How to build your own

You need tracing, so the agent’s inputs and outputs are recorded somewhere. I use LangSmith, but LangFuse, Braintrust, or honestly even a spreadsheet works if you’re scrappy. The point is you need a record of what happened.

You need scoring. Someone marks each output as good or bad. A thumbs up/down button is enough. Comments are gold but not required. If human review doesn’t scale, you could use an LLM-as-judge to auto-score, but human feedback is more reliable.

And you need the improver itself. It’s a prompt that knows how to fetch traces, categorize failures, read the current prompt, and propose edits. I wrote mine as a reusable skill I can run whenever. The workflow is what matters, not the specific tools.

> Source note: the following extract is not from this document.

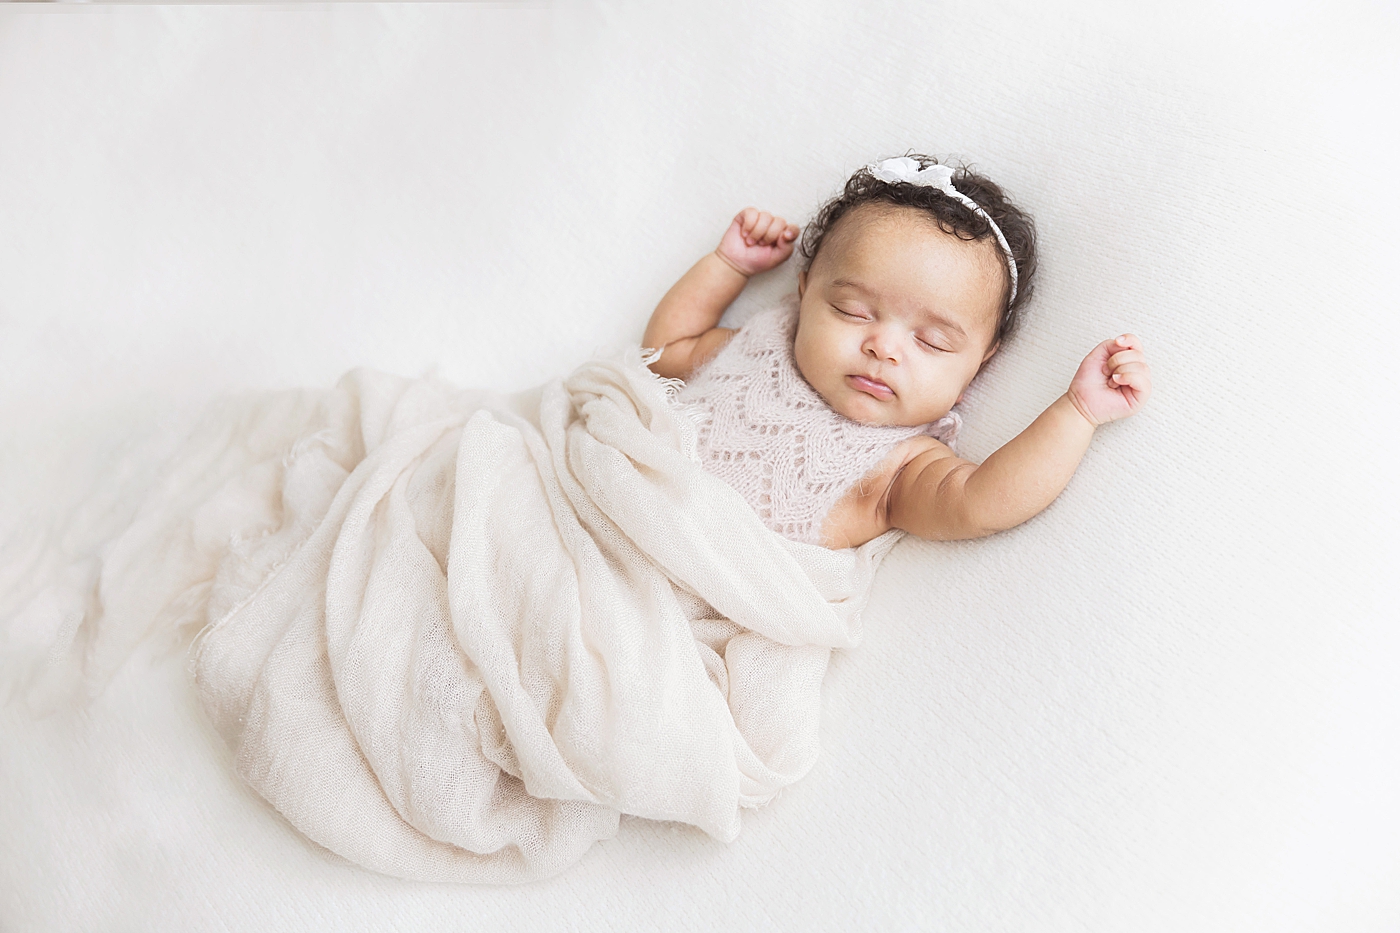 Baby girl laying with arms up. Photo by Fresh Light Photography.
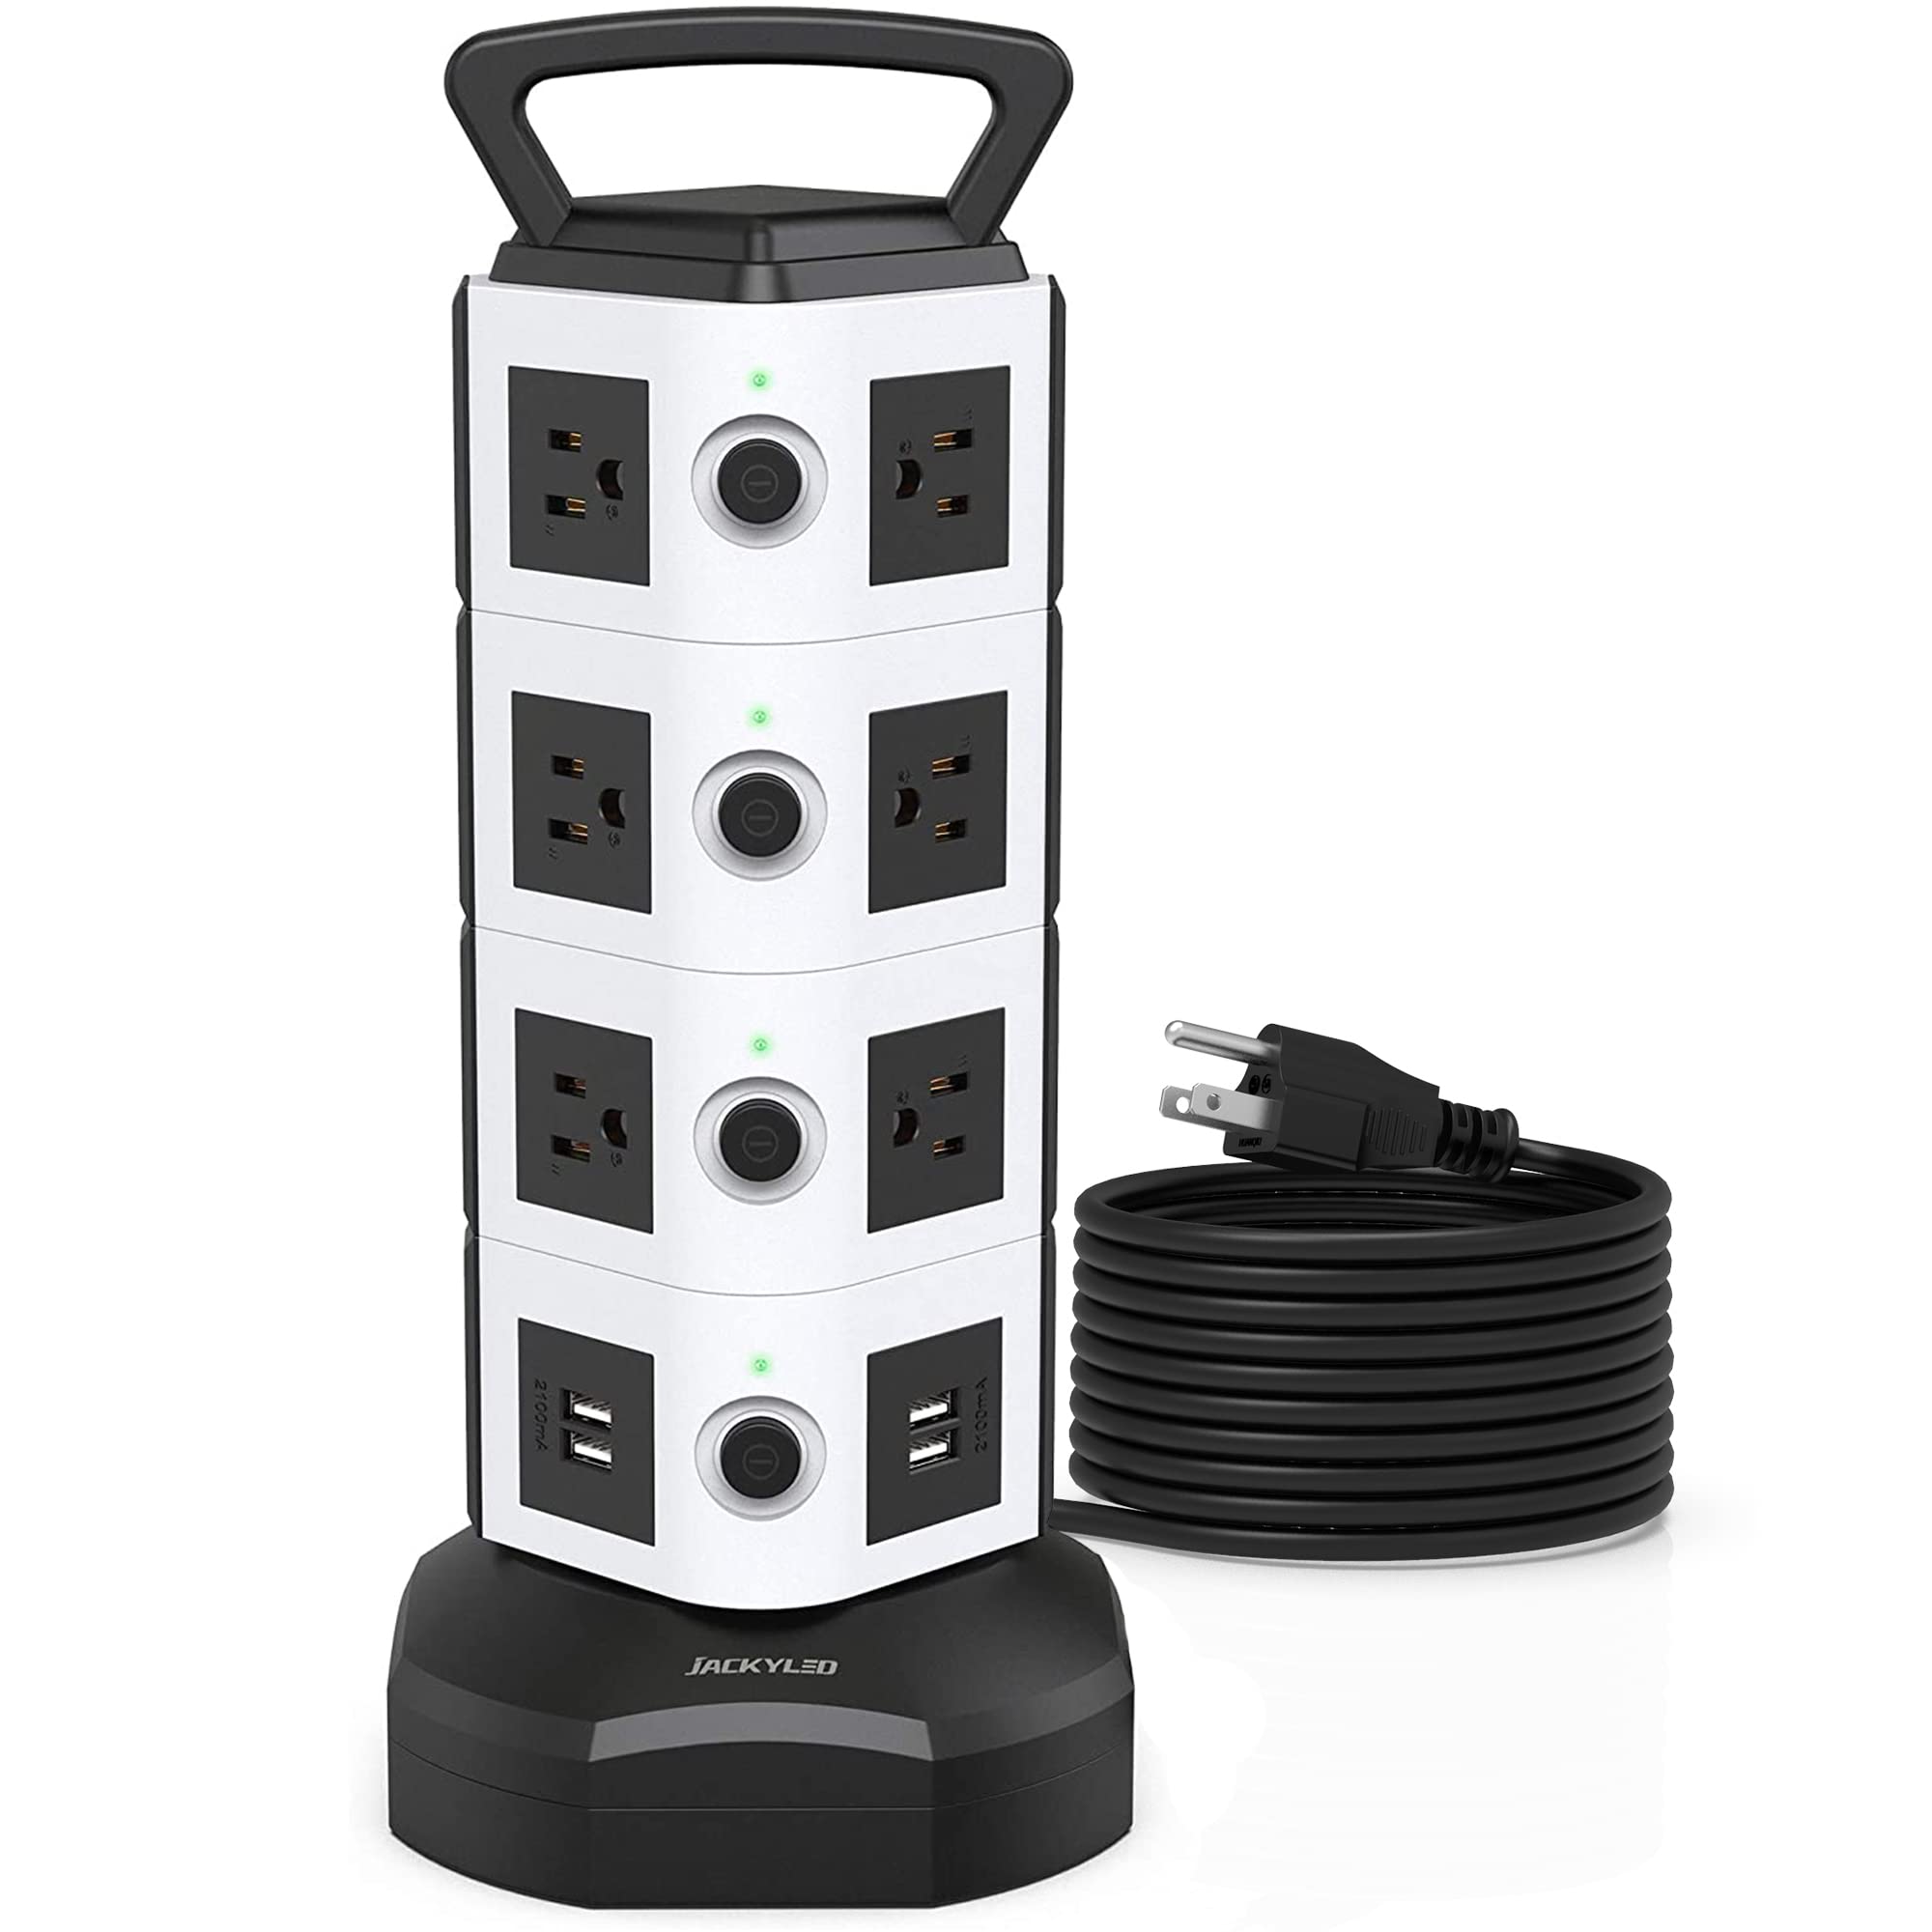 10ft Power Strip Tower JACKYLED Surge Protector Electric Charging Station with 13A 14 AC 4 USB Ports Heavy Duty Extension Cord for Home Office Comp...

Took me about a day to set up. Most of that was the scoring UI. The improver skill was maybe an hour.

Where this goes

Right now I run the improver manually when I feel like it. But there’s no reason it couldn’t run automatically, say weekly, and surface proposed changes for review.

You could even chain it. The improver proposes changes, a reviewer approves them, they get applied. The support agent gets better every week without anyone manually reading through traces.

I don’t think we’re at fully autonomous self-improving agents yet. The human reviewer still matters. But we’re getting closer to a world where you set up the loop and the system improves on its own, with a human just approving the changes.

If you’re running any kind of agent in production, try this. Build an agent that reviews your other agent’s failures. You’ll be surprised what it finds.